Ald. Patty Smith, 8th Ward, who represents an area entirely in Indian Prairie School District 204, said she thinks the idea is “a wonderful program” and she would “truly support” it, but also said she hopes the city quickly moves to include the other school districts.
“We have schools that are in need,” she said.
Paschke said organizers are “very aware of students” in the other school districts, and plan to include them after the first 18 months of the pilot program.
Ald. Michael Saville, 6th Ward, asked about students who move into the different districts after their kindergarten year. Paschke said the goal is to have every student included, so organizers will have “to consider” what to do about students moving in.

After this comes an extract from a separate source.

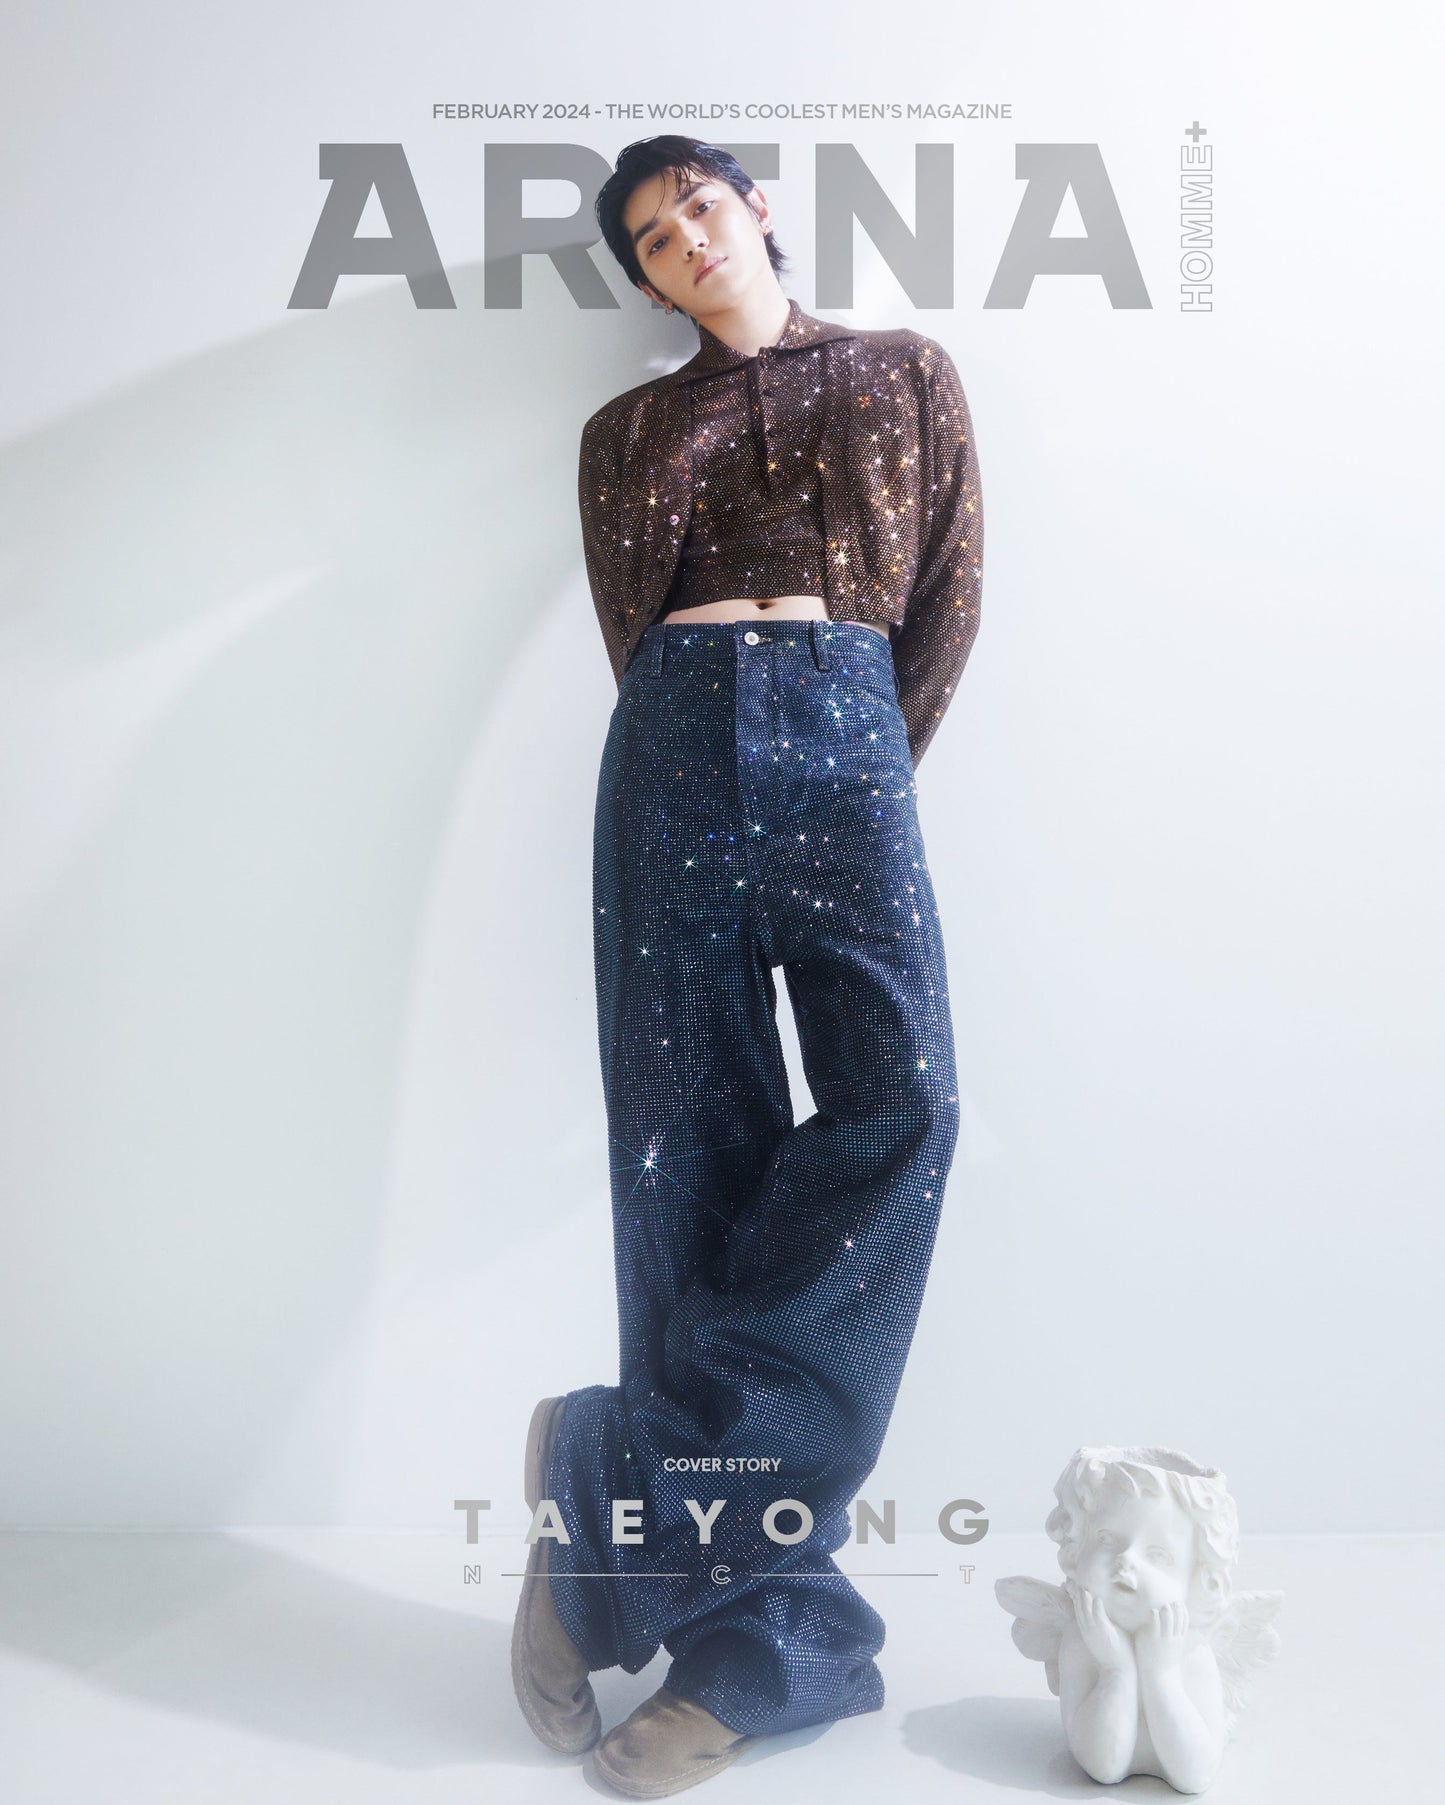 TAEYONG AERNA HOMME MAGAZINE 2024 FEBRUARY ISSUE

As another part of the pilot, parents will have to opt-in to it to begin with. In fact, Paschke said one reason city staff pushed through consideration of the contract straight to the City Council Committee of the Whole was to get the opt-in selection on school registration forms for the 2025 school year.
The reason for making it opt-in is to make parents aware of the program. Eventually, officials want it to be an opt-out program – students would automatically be in unless they opted out.
The initial funding for the savings part of the program would come from money the city got as a local share from Columbia Care, when it opened the first marijuana cultivation facility in Aurora about nine years ago.
The money was a contribution related to when the original company that opened the facility, Curative Health, was sold early in Irvin’s first term as mayor. The amount is about $145,000, which would seed the program, Irvin has said.
Eventually, the city would look for corporate donations for the program, he said.